Talk:Eight options with six sides
This seems too easy
Determining the least number of rolls he will have to make is so trivial I wouldn't even call it a puzzle. Determining the greatest number of rolls he may have to make is a slightly less trivial, but still very simple. One can optimise either of these values. Perhaps one for Category:Easy puzzles?
As far as I can tell, I'm not missing anything. Zerrakhi 03:43, 22 October 2010 (EDT)
- Hmmm. I'm not seeing this as easy. Perhaps I am missing something. That or I worded the question in an unclear way. Could you tell me what you think the answer is? That would help me understand what is going on here. Oscarlevin 15:03, 18 November 2010 (EST)
- To optimise the LEAST number of rolls he WILL have to make:
- Let N be the least integer such that 6^N >= D where D is the number of dishes.
- Of the 6^N possible permutations of rolled numbers, allocate a certain number to each dish and leave the rest blank.
- The number of permutations allocated to each dish is the greatest integer A such that A <= (6^N)/D.
- Roll N dice. If the permutation that's rolled is allocated a dish, select that dish.
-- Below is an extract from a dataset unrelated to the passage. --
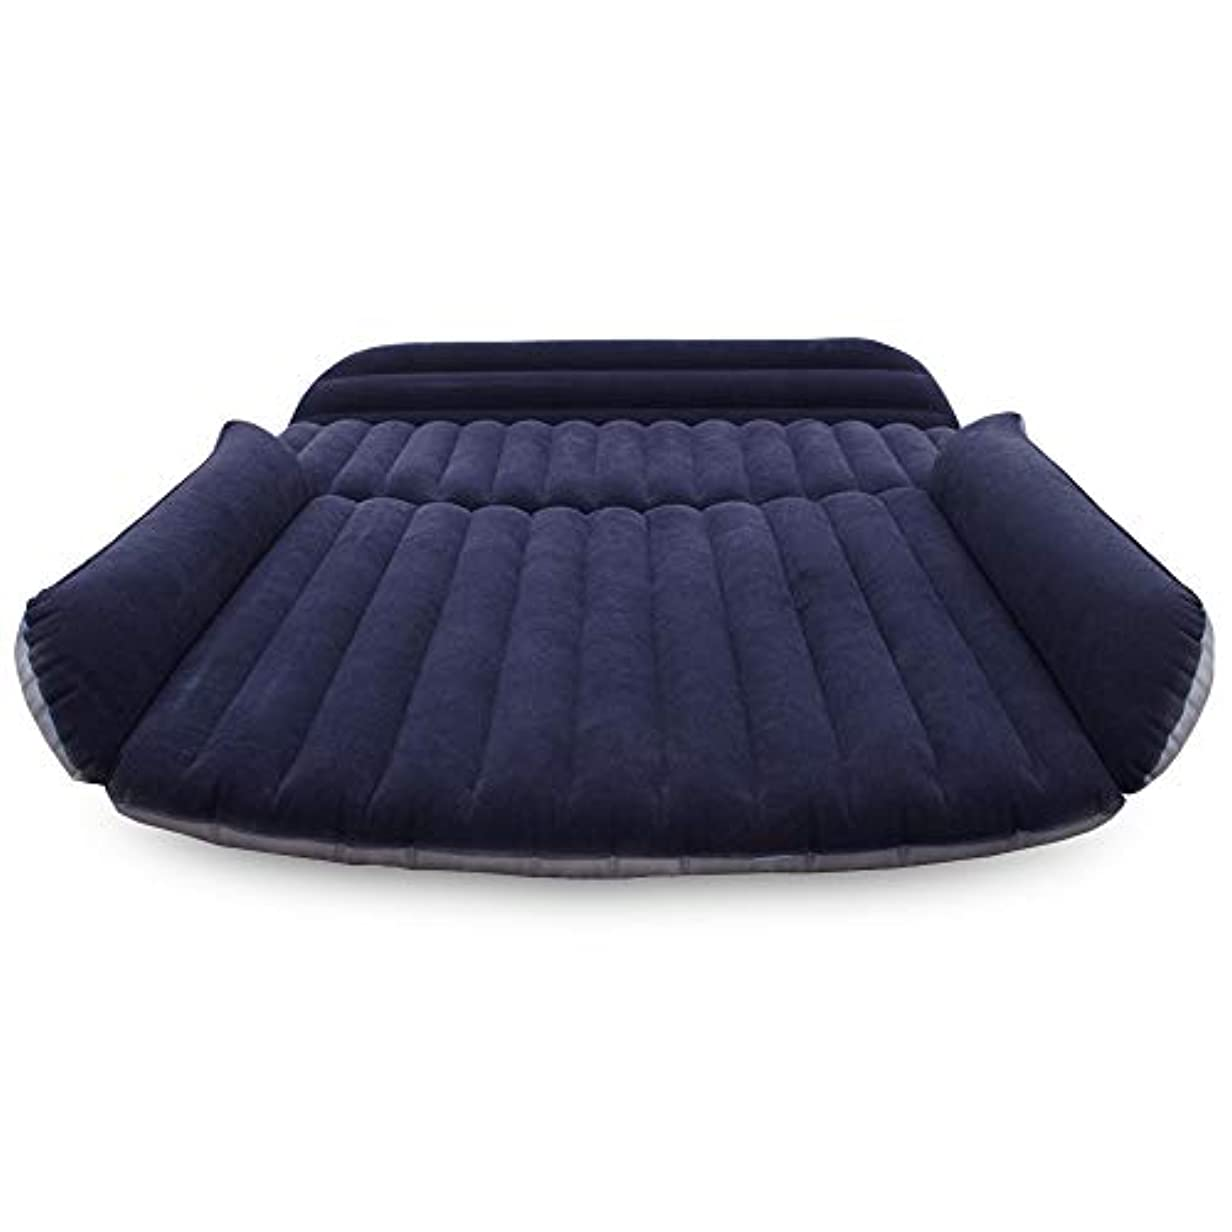 コメントバックテニスキャンプ旅行膨脹可能な車のベッドの SUV の後部座席カバー空気マットレスの車の空気マットレスの植毛の布空気ポンプ

Otherwise roll again.
- With this method, an infinite number of rolls MAY be needed, but the least number of rolls that WILL be needed is simply N.
- If D = 8 then N = 2 and A = 4.
- To optimise the MOST number of rolls he MAY have to make:
- Let N be the least integer such that 6^N is a multiple of D.
- Allocate permutations arbitrarily to dishes, as above except that now every permutation is allocated a dish (there are no blank spaces).
- With this method, exactly N rolls are needed, no more no less.
- If D = 8 then N = 3 and A = 27 (because 6 ^ 3 = 8 * 27).
- The least easy bit is characterising the values of D such that N exists, but that's not part of the main puzzle.
- Zerrakhi 21:40, 23 December 2010 (EST)